The point of writing anything is to communicate something.  You can’t communicate form.   You use form to help organize your content.

Ahh, so you say, content is important, it organizes the content.

Yes, form is an important tool.  But too many writing programs stop there.

I’ll just mention my arch nemesis here:  the 5-paragraph essay.  Shiver.

Raise your hand:  how many of you were taught how to write a 5-paragraph essay as if it was the crowning achievement of all writing?

Now how many of you have actually read a (good) 5-paragraph essay outside of an English class?  Anybody?

Did Jonathan Swift write 5-paragraph essays?

Now I’m going to say something that will floor you:  Form is determined BY content.   Not the other way around.

What you wish to say will determine how you need to say it in order to get your message across.  And, hey, that may require a 17-paragraph essay.  It might require a 859 word blog post chopped into little 3 sentence paragraphs with little parenthetical comments and occasional exclamation points!

Content should always determine form.  If your writing program is only interested in form, scrap it.

You might also be interested in:

The Reading and Writing Link

On Teaching Writing


  1. Absolutely.
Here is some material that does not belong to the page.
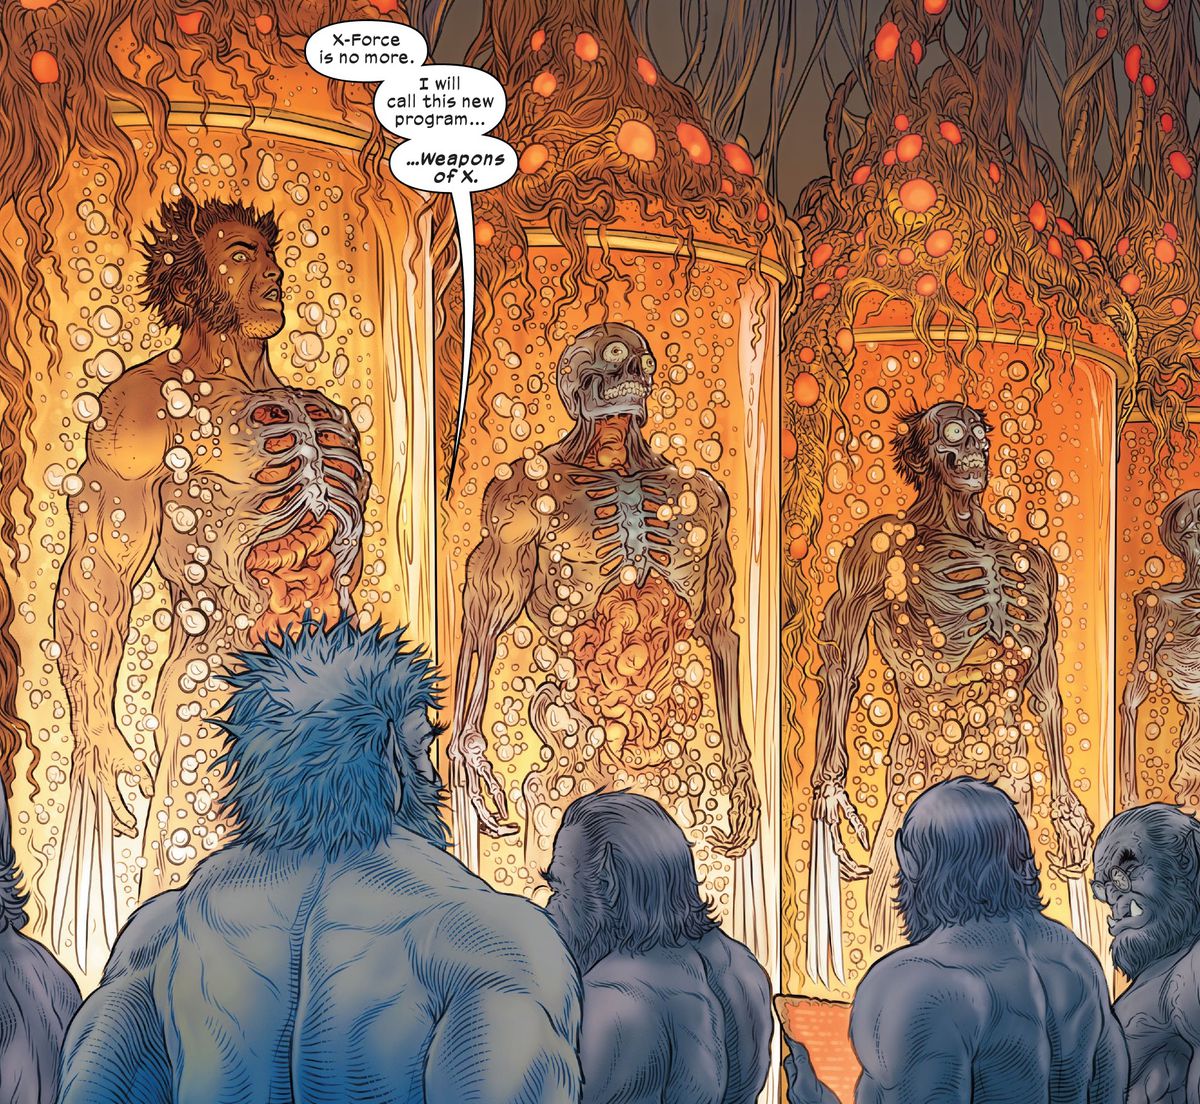 "X-Force ya no existe", dice Beast a otros cuatro clones de Beast que están supervisando varias tinas de clones de Wolverine en crecimiento. “Llamaré a este nuevo programa... Armas de X”, en Wolverine #31 (2023).

This is why I haven't used a formal writing program for my kids yet, either. The main reason is I don't know what they're going to need to communicate. I am/was a scientist. I didn't learn to write until I was in college trying to get published in a peer reviewed journal. Even in grad school and beyond I learned that each scientific journal varied somewhat in its expectations, although the general form was the same.
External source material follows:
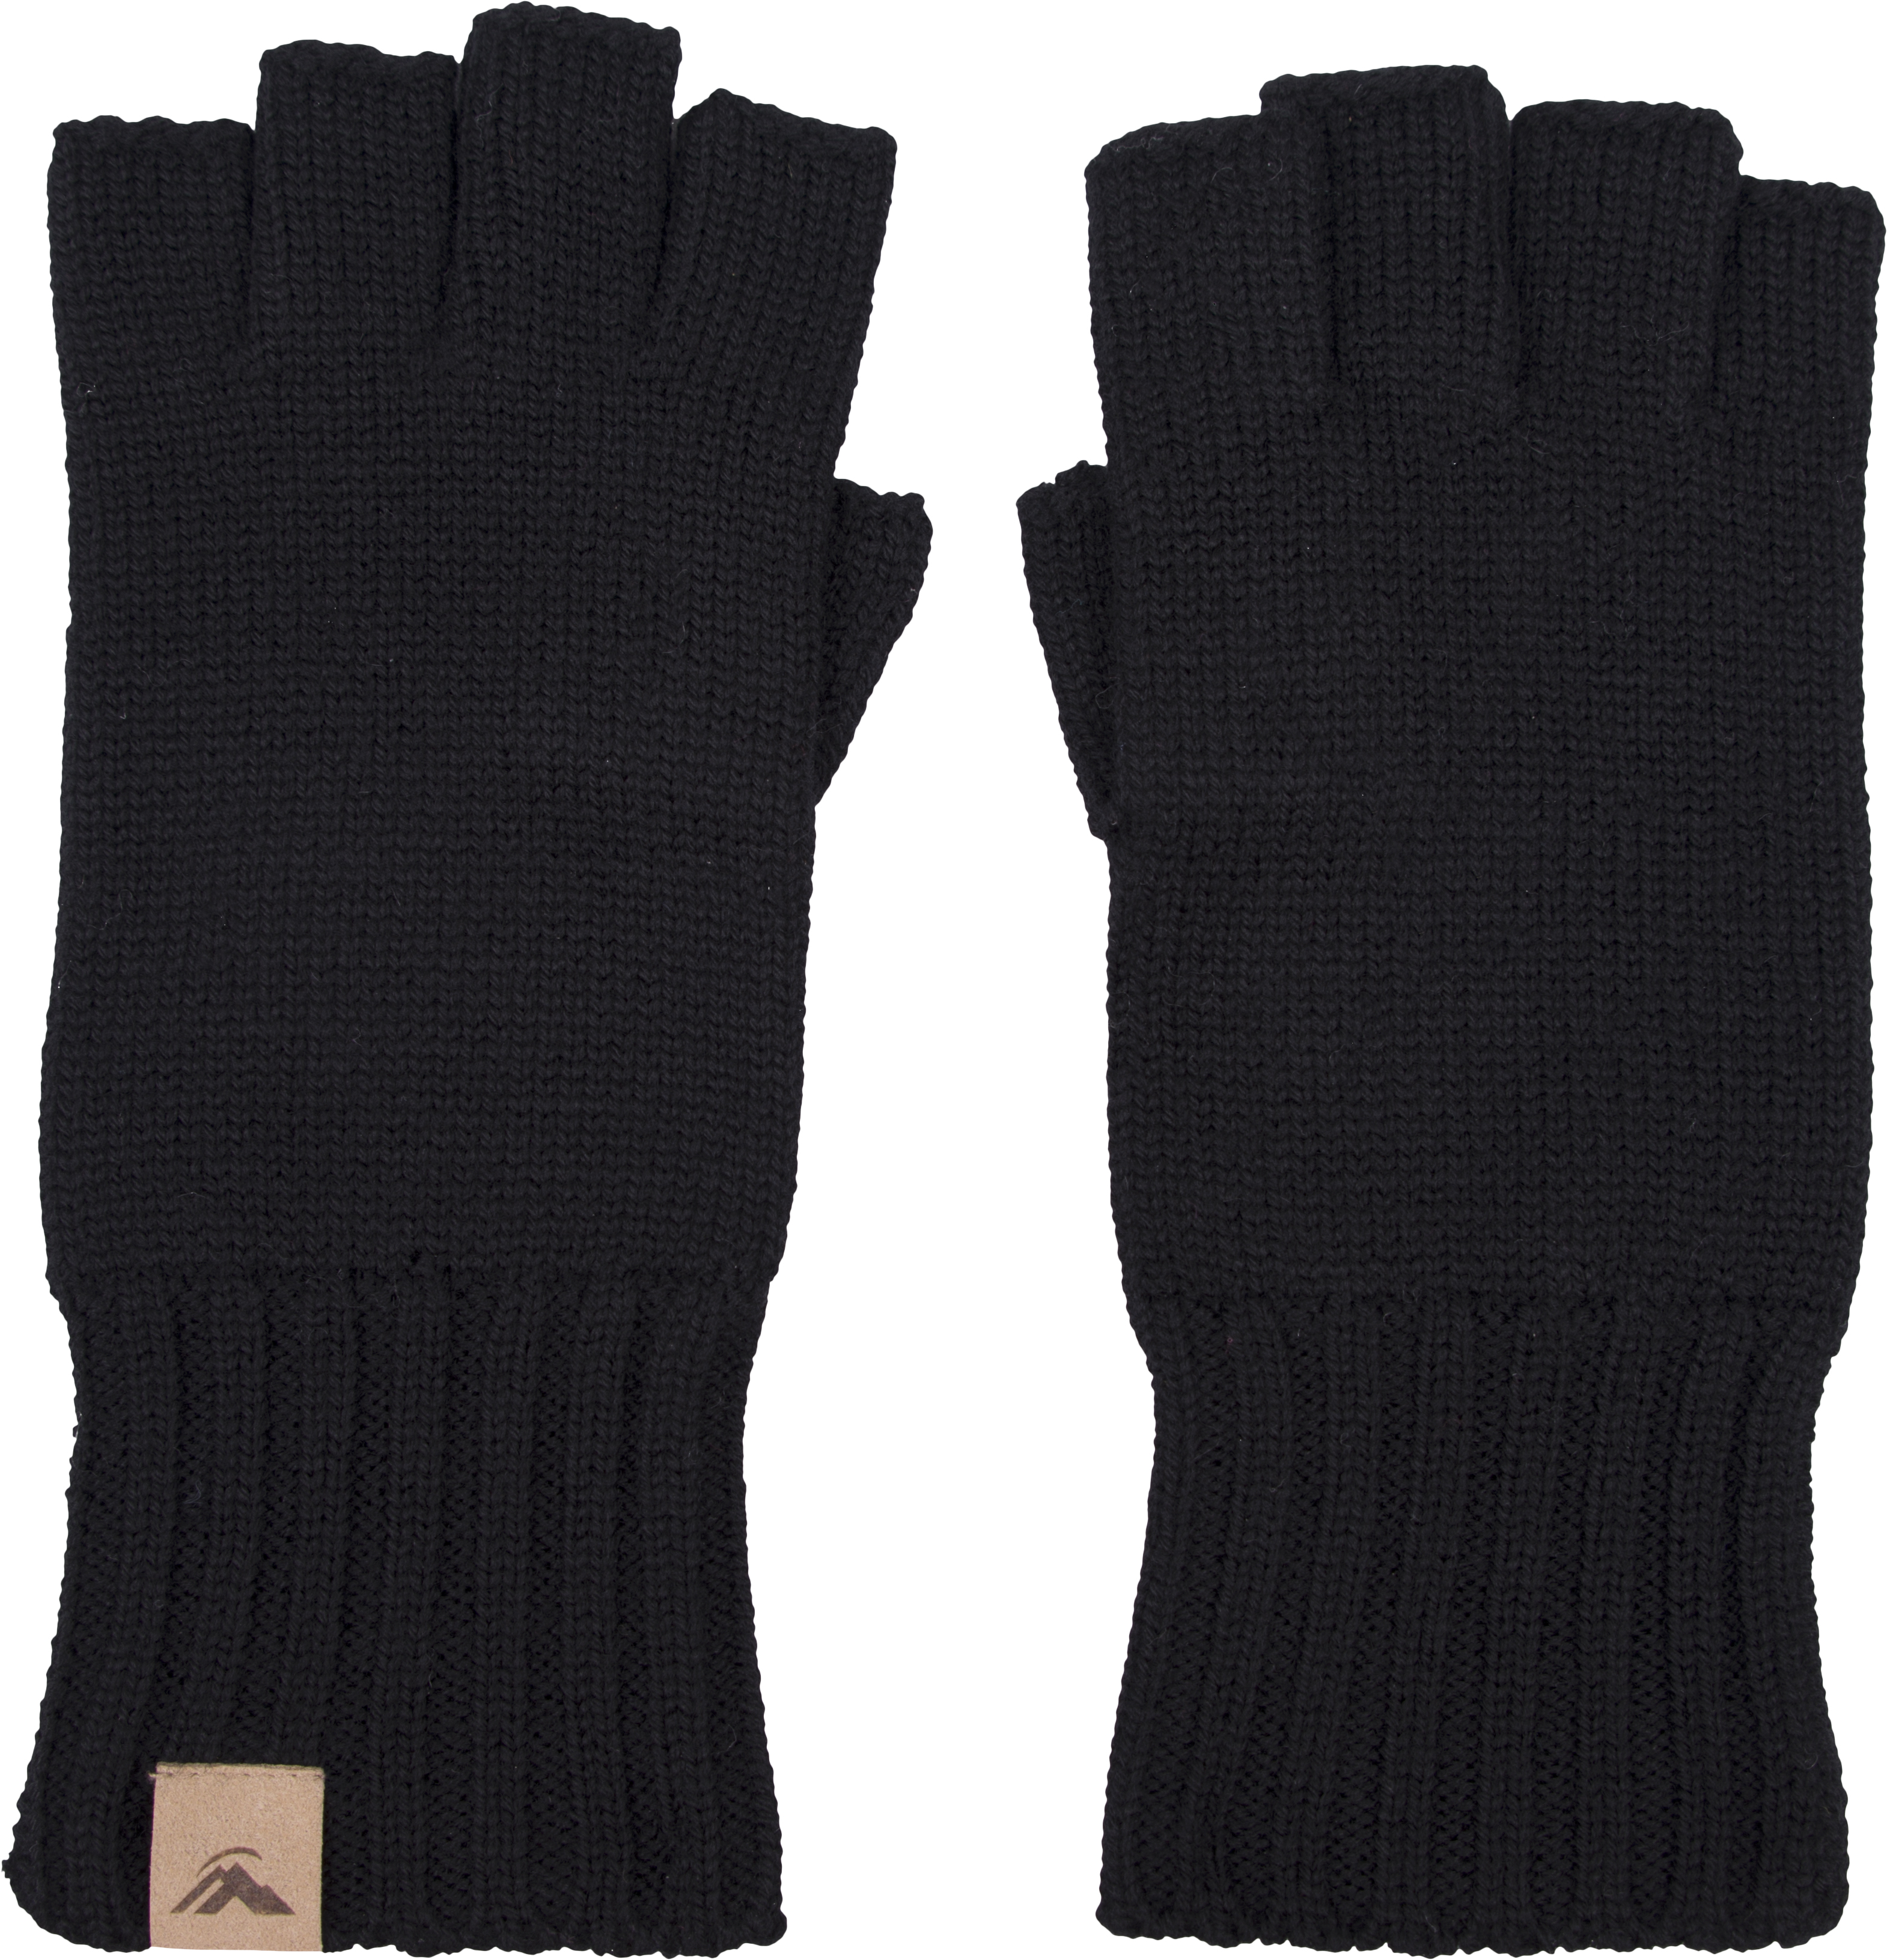 Soft merino knit gloves.

    For kicks one year I took a creative writing class at a local university. I realized in week one that I didn't have anything to say. I guess I'm not creative. When it came to my research I had lots to say, but not so much when it came to writing a mystery (our first assignment)!

    My oldest son was given all kinds of "creative" writing assignments in Kindergarten, of all places. His teacher thought he was soooooo creative and praised him up and down. It took me about 30 seconds to realize he was regurgitating word for word the story line that flashed down the screen in his gameboy games. All his stories were about Donkey Kong and Mario.

    I'm far more interested at this point in my kids' lives (12 and under) at giving them something in their brains worth communicating. Once they have some knowledge worth sharing, we can focus more on how to do that : ).

    I've enjoyed your series.


  2. Yes. There's this mistaken notion in writing instruction that kiddos are just chock full of ideas and can't wait to get them on paper. They have things like "brainstorming sessions" which really amount to the instructor leading the class to what they are going to write.

    But most kid's ideas are not truly original, they tend to come from movies they've seen, stuff Mom and Dad have talked about (hey, my 11-year-old thinks he has politics ALL figured out), books they've read, things their friends have told them...ideas they are just repeating, but haven't actually synthesized. They are still working on truly understanding the world and making independent judgements. They are kids, after all.

    In terms of formal instruction, I would simply follow your child's lead. I think early elementary is too early. Late elementary will be too early for most. Middle school will be too early for some. At some point in high school they will need some pointers in organizing their writing and so on. But, the content and having a sense of what to do with the content, that's the key. All the writing instruction in the world will not make someone a good writer if they have nothing to write about.

    I'll be doing some formal writing instruction with David this coming year, but only because I have seen his writing really take off the past year and think he can benefit from some pointers here and there. If I find that it's hindering more than helping, I'll back off. I'm doing my best to "nurture" the writer in him.